Even a global pandemic isn’t enough to make Americans want to surrender their privacy to Big Tech.
Apple and Google will lay the groundwork for an unprecedented “contact tracing” project in mid-May that will notify users when they have entered the presence of a person with the coronavirus. This project was begun in an effort “to protect people and get society back up and running,” according to an April 10 announcement via Apple’s newsroom.
A Washington Post-University of Maryland poll found that based on American’s current responses, any chance for the contact-tracing app to become viable appears slim. A majority, “3 in 5 Americans say they are either unable or unwilling to use the infection-alert apps under development by Google and Apple.” Oxford University researchers suggested that 60 percent of Americans would need to use the tracking tech to make it viable, but only “41 percent say they both have a smartphone and are willing to use an infection-tracking app.”
In short, this initiative is short of a whopping 19 percent of Americans to be viable.

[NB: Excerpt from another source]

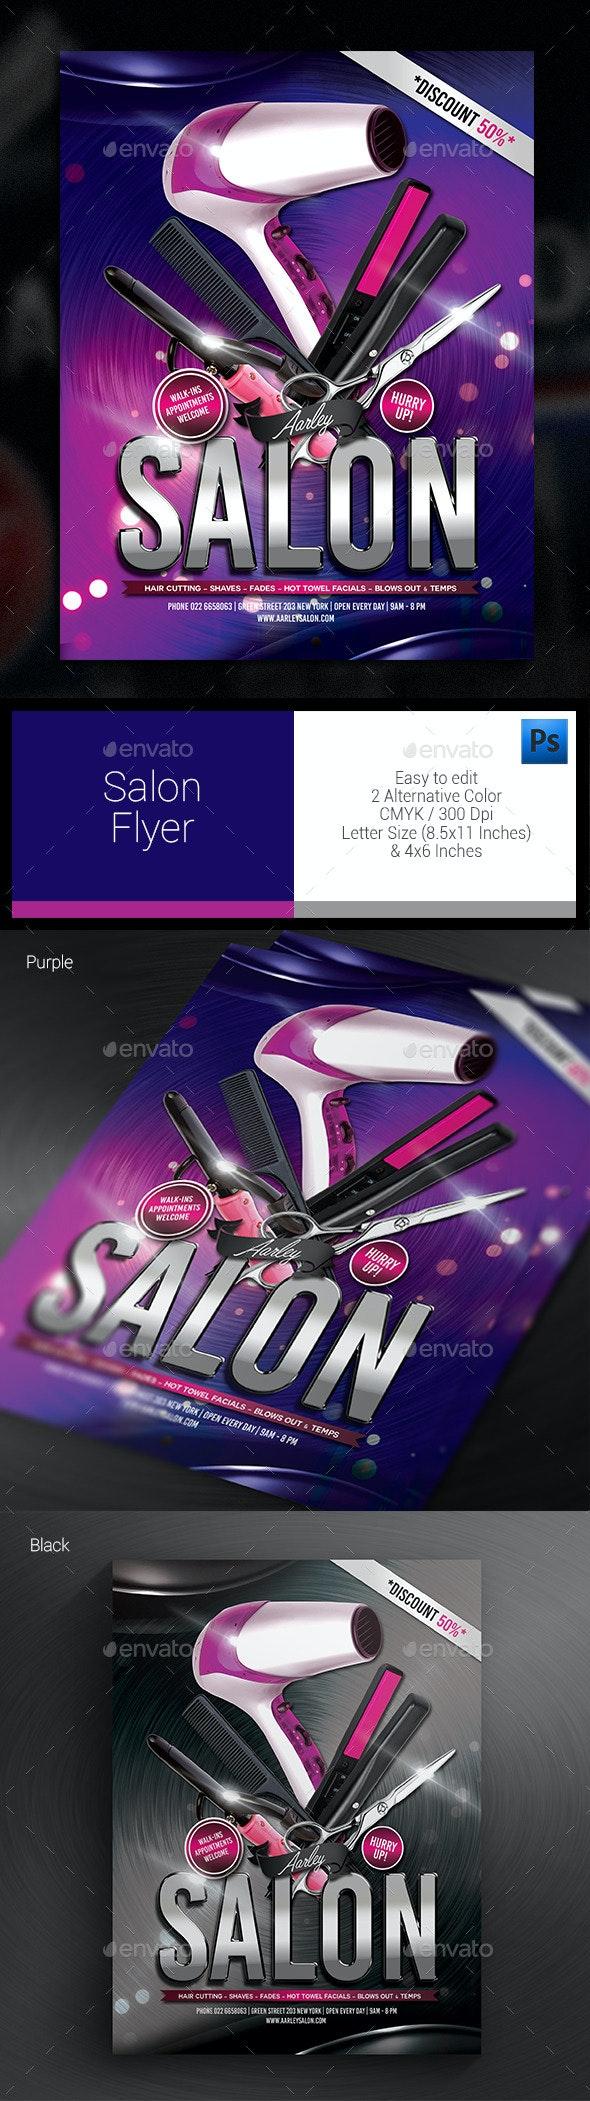 Salon Flyer - Corporate Flyers

The Post lamented that among “the 82 percent of Americans who do have smartphones,” 50 percent said “they probably or definitely would not” use the contact tracing app, while “an equal percentage” said “they definitely or probably would.” Willingness to use these apps reportedly “runs highest among Democrats” while resistance ranks highest “among Republicans and people reporting a lower level of personal worry about getting the virus.”
This is part of a much larger trend of Americans wary of who controls their data. While “57 percent majority of smartphone users trust public health agencies and “56 percent trust universities,” a mere “47 percent” of Americans “trust health insurance companies” and only “43 percent” trust Big Tech companies.
This rings true with recent research by PEW, which indicated how after years of Big Tech scandals, Americans are as unsure as ever about giving away their data.
“About half (52%) of U.S. adults said they decided recently not to use a product or service because they were worried about how much personal information would be collected about them,” Pew Research Center (Pew) reported in a study it published on April 14.
The Post cited a poll by the Kaiser Family Foundation that indicated “fewer than 3 in 10 were willing to use an app if there was a ‘chance the data could be hacked.’”
Former Federal Trade Commission Chief Technologist and Senior Adviser to the U.S. Chief Technology Officer in the Obama White House Ashkan Soltani had criticized the tech for just this reason:
MOST IMPORTANTLY there's a REAL risk of abuse from these apps -- generating false alarms and Denial-of-Service attacks from people falsely flagging that they're infected with COVID19 (crying 'wolf) -- thereby potentially affecting the others they've digitally been in contact with.